Иные надеялись в том же году быть капитанами; вдруг эти надежды оказались разбитыми и они ехали повесив головы.
За малолетних и несовершеннолетних горевали их родители.
Из них, в особенности, были поражены отцы и матери тех малолетних, записанных в гвардию детей, которые совсем были неспособны к службе.
Все эти солдаты-дети также требовались в полки, как отпущенные до окончания наук в свои дома.
Не знали, что делать с этими малолетними.
К особому несчастию, многие из них, по жадности родителей и по протекции, считались давно уже на действительной службе, а некоторым были прибавлены года и по полковым спискам они значились шестнадцати и восемнадцатилетними, когда на самом деле им не было иногда и десяти лет.
Как было показаться с таким в Петербург, а ехать все же было надо.
По всей России раздавались жалобы и стоны, всюду слышались слезы и рыдания.
Но все это не могло вызывать ни малейшей жалости в трезво и беспристрасно смотрящих на вещи людях.
Это было наказание нашему дворянству за наглое злоупотребление во зло милости великой монархини, за непростительный обман при записке в гвардию младенцев.
Взрослые гвардейцы тоже не заслуживали сожаления.
Они жили по городам и селам в совершенной праздности и помышляли не о службе, а вертопрахстве, мотовстве и буйстве.
Они только делали, что рыскали с собаками по полям, выезжали рысаков, танцевали в собраниях и кутили во всю ширь русской натуры.
Государь решил положить на них узду и этим нанести решительный удар всеобщему мотовству, пышности и роскоши, достигших в то время своего апогея.
Гвардейцы давали всему этому тон, и император Павел Петрович естественно с них начал искоренение этого зла.
Обо всем этом узнал Виктор Павлович Оленин от многочисленных и разнородных приезжих, которых он встречал на почтовых станциях московского тракта.
Всюду он слышал толки о строгостях нового государя, толки преувеличенные, рисовавшие его чуть не жестоким деспотом.
Это более чем понятно, так как слухи эти распускали те, которые во время последних лет слабого правления милосердной монархини, привыкли употреблять во зло это милосердие и строить свое благополучие не на честном исполнении служебного долга, а на вредной праздности и еще более вредной для казны деятельности.
Распоряжения Павла Петровича еще во время царствования его матери, изучившего злоупотребления царедворцев и чиновников и разом прекратившего их энергичными мерами, не могли, конечно, им придтись по вкусу.
Они подняли злобный говор, который производил впечатление на современников и даже, к сожалению, оставил след в истории конца восемнадцатого века.
Петербург понимал деятельность своего нового государя и благословлял его, но разъехавшиеся по России удаленные от дел вельможи, выгнанные со службы казнокрады громко жаловались и находили доверчивых слушателей.
Вот каковы бывают зачастую причины исторической лжи.
На Виктора Павловича Оленина все эти россказни тоже произвели тяжелое впечатление.
Ему стала рисоваться судьба, постигшая вызванного пред лицом грозного государя, Владимира Сергеевича Похвиснева.
Он был весь мыслями с семьей последняго, среди которой была обожаемая им девушка.
«Клавдия так любит отца!

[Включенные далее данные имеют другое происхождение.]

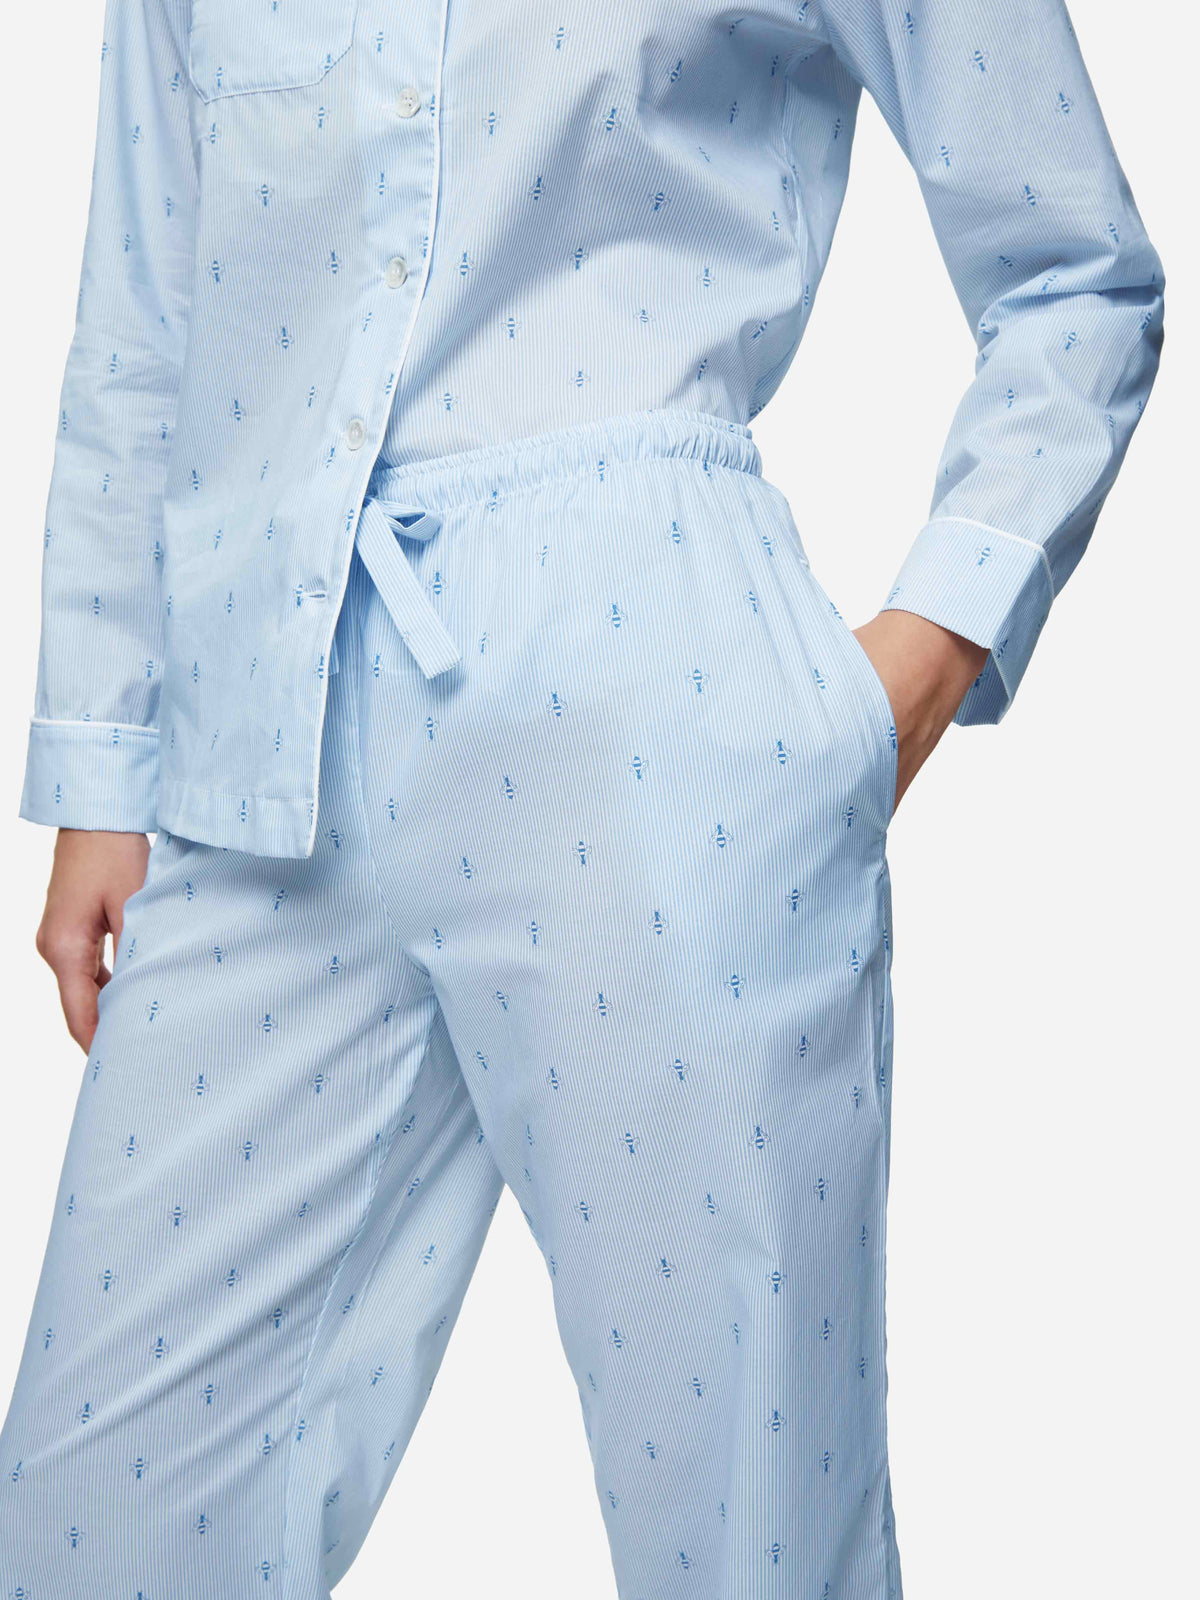 Women's Pyjamas Nelson 94 Cotton Batiste Blue

Это положительно убьет ее!» — проносились в его голове мысли.
Что «это»? — он не отдавал себе ясного отчета.
Под гнетом таких дум, он гнал ямщиков, и только при въезде в Петербург, когда у заставы его начали опрашивать о звании, имени, фамилии и месте остановки, Оленин вспомнил, что ему негде остановиться.
Находясь постоянно в разъездах, он не обзавелся частной квартирой и жил на биваках в измайловском полку, а с исключением из службы остался без определенного места жительства.
Расстроенный и сосредоточенный на одной мысли, что сталось с Похвисневым, Виктор Павлович стал было сперва в тупик от последнего вопроса и лишь после некоторого размышления вспомнил, что его дядя по матери, Иван Сергеевич Дмитревский, недавно писал ему в Москву и что даже у него есть к нему дело.
В письме он уведомлял его, что вернулся из заграницы и просил, в случае приезда в Петербург, остановится у него. «Иначе ты обидишь и меня, и Петровича», — говорил он в письме.
Петрович был слуга — друг Дмитревского, знавший Виктора Павловича с мальства.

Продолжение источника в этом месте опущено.